What appeared to be sector rotation was therefore largely a statistical illusion produced by degrossing: the selling of crowded longs combined with short covering in thinner segments of the market.
Because those thinner markets require far less capital to move, they can rise sharply even when net flows are relatively small.
Eventually, however, the same dynamic that drove the initial rally began to reverse.
As volatility rose and risk limits tightened further, funds that had previously covered shorts or rotated exposure began reducing positions across those same sectors. Selling pressure spread into cyclicals, staples, and international markets, including Europe and emerging markets.
The pattern that initially looked like a broad rotation now began to unwind.
From the perspective of market microstructure, this sequence is exactly what the square-root impact law would predict. When large pools of capital attempt to adjust exposure simultaneously in markets with uneven liquidity, price movements become dominated by the interaction between flows and available trading volume.
Thin markets can rise quickly during inflow periods because relatively small amounts of capital push prices higher. But when flows reverse, those same markets can fall just as rapidly because there are few natural buyers available to absorb the supply.
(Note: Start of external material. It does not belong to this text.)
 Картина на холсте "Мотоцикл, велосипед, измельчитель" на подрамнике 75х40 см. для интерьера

This produces the air-pocket behavior increasingly visible across modern markets: sharp rallies followed by equally abrupt declines as flows change direction.
These dynamics have also interacted with the volatility market in important ways.
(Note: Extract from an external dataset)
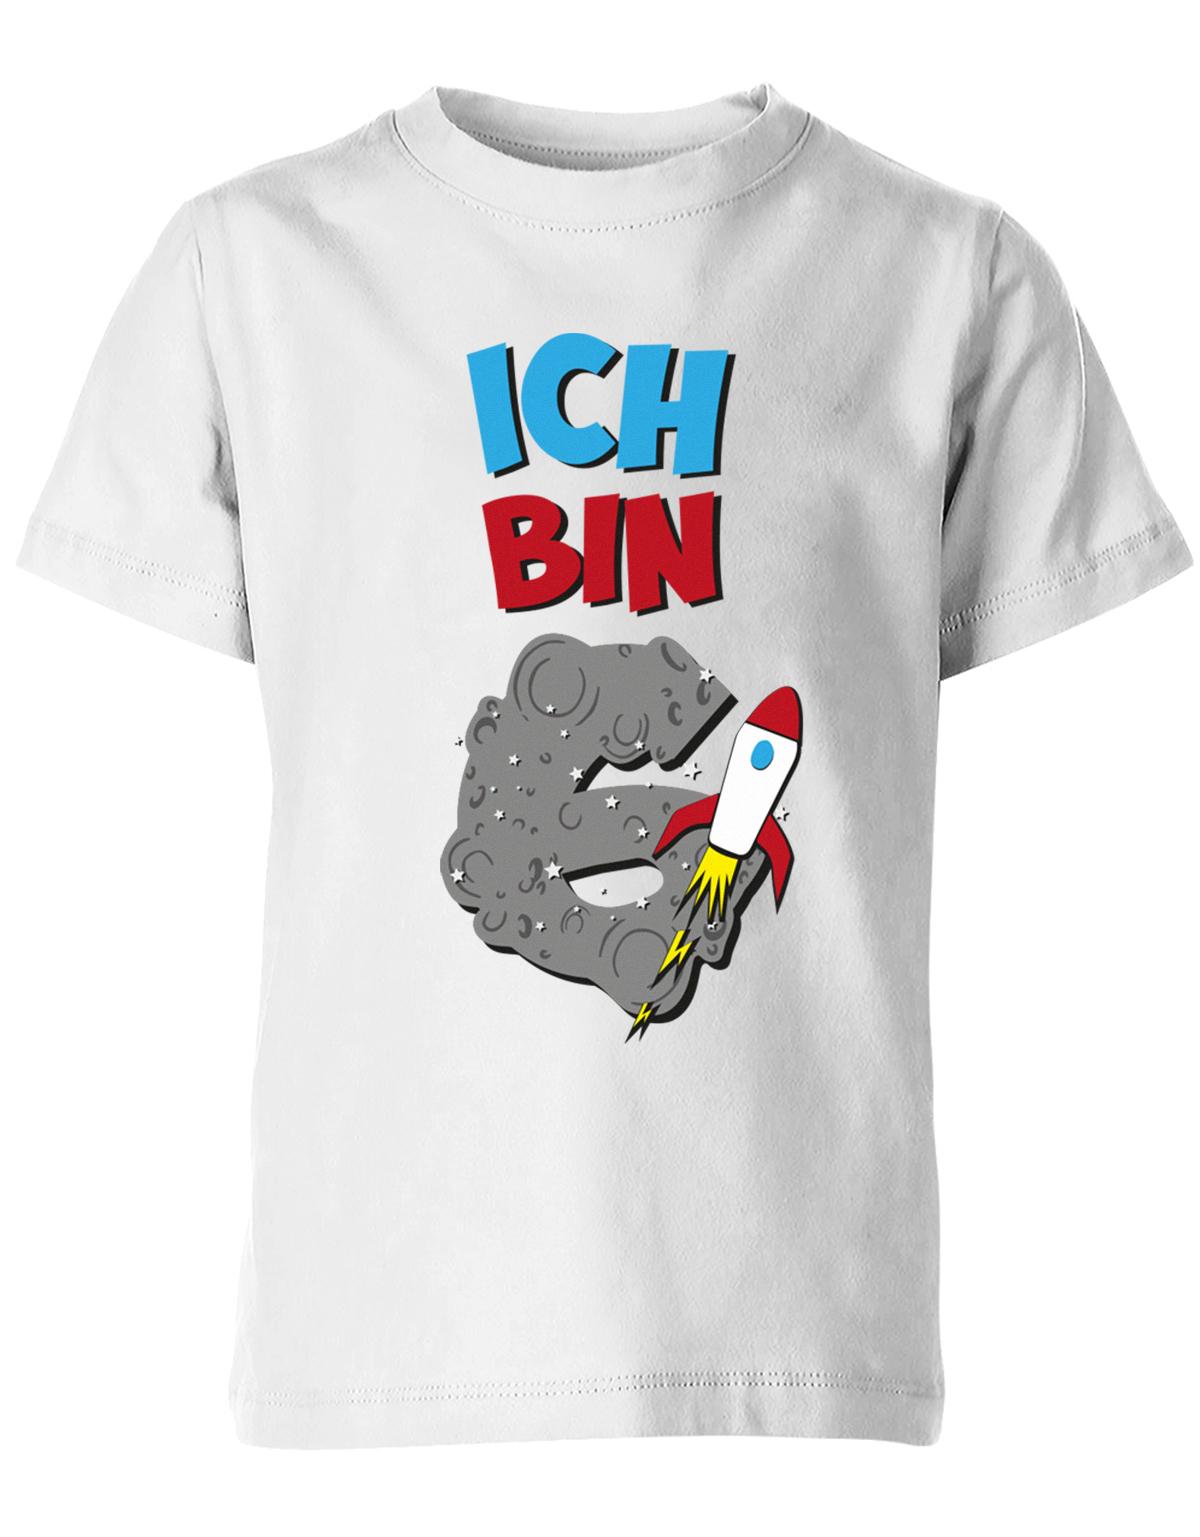 ich-bin-6-weltraum-rakete-planet-geburtstag-kinder-shirt-weiss

Earlier in the process, rising dispersion across individual stocks allowed traders to hedge index exposure through dispersion trades (typically long single-stock volatility while short index volatility). But as selling pressure spread across sectors and correlations began to rise, that dispersion collapsed.
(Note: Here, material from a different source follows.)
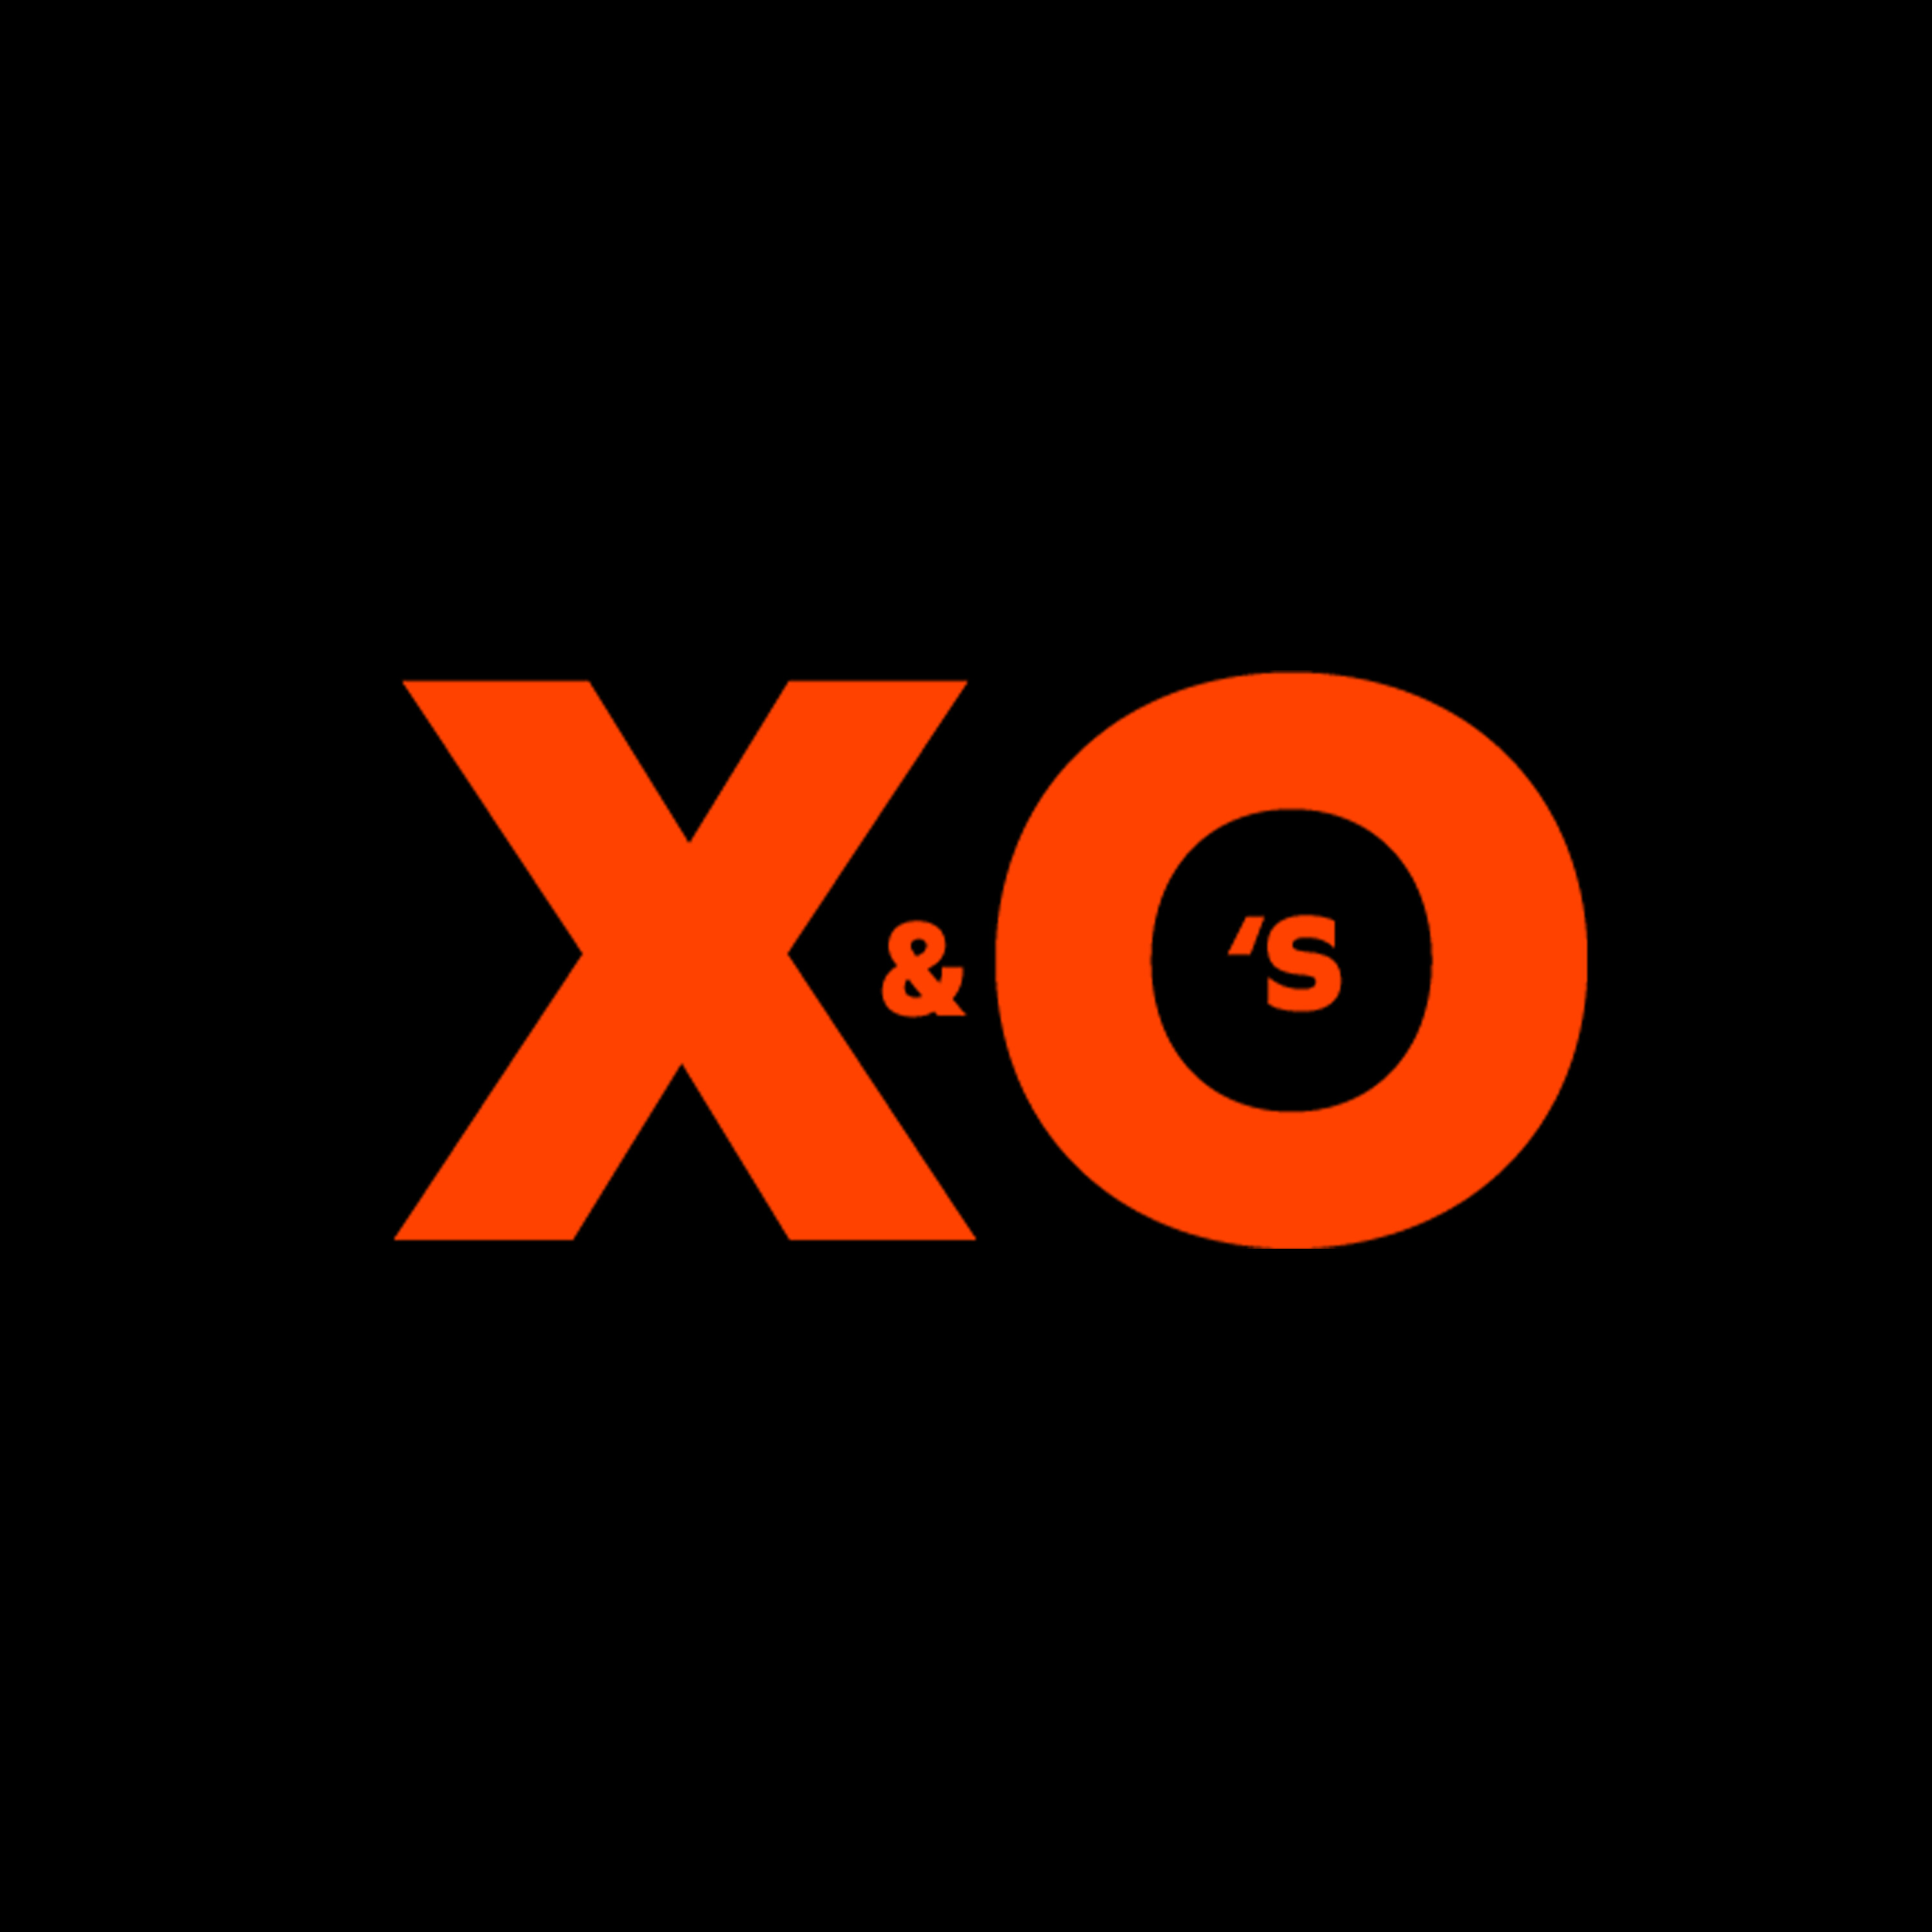 X&O's - We got next (met de broertjes Hodge)

As stocks began moving together again, dispersion trades lost their effectiveness and hedging activity shifted back toward index-level protection, particularly S&P 500 options and instruments linked to the VIX.
If volatility itself begins trending higher, this could introduce a further feedback loop. The volatility complex is structurally smaller than equity, commodity, or bond markets, meaning that large inflows into long-volatility strategies could produce outsized price moves under the same square-root impact dynamics.
Dealers hedging those exposures would likely increase their use of equity or volatility-linked options, which could further amplify volatility in the underlying market.
If equity indices keep weakening, volatility rises further, or the precious‑metals trend continues to fade, the next likely destination for capital would be the few markets with both depth and emerging strength: energy and U.S. Treasuries.
These are among the only venues able to absorb large reallocations without immediate square‑root‑style impact. However the Iran conflict and the resulting spike in crude volatility may narrow that list, effectively leaving Treasuries as the only major asset class with liquidity, lower volatility, and a developing uptrend.
Taken together, the sequence of events over the past several months illustrates a broader structural shift in how markets function.
In an environment dominated by passive ownership and large institutional flows, capital cannot rotate smoothly across sectors as traditional market narratives suggest. Instead, adjustments occur through degrossing, short covering, and reallocations into the few markets capable of absorbing large flows.
The square-root impact law explains why these adjustments increasingly produce abrupt and sometimes counterintuitive price movements.
In modern markets, capital does not necessarily move wherever investors would prefer it to go.
It moves wherever liquidity allows it to go.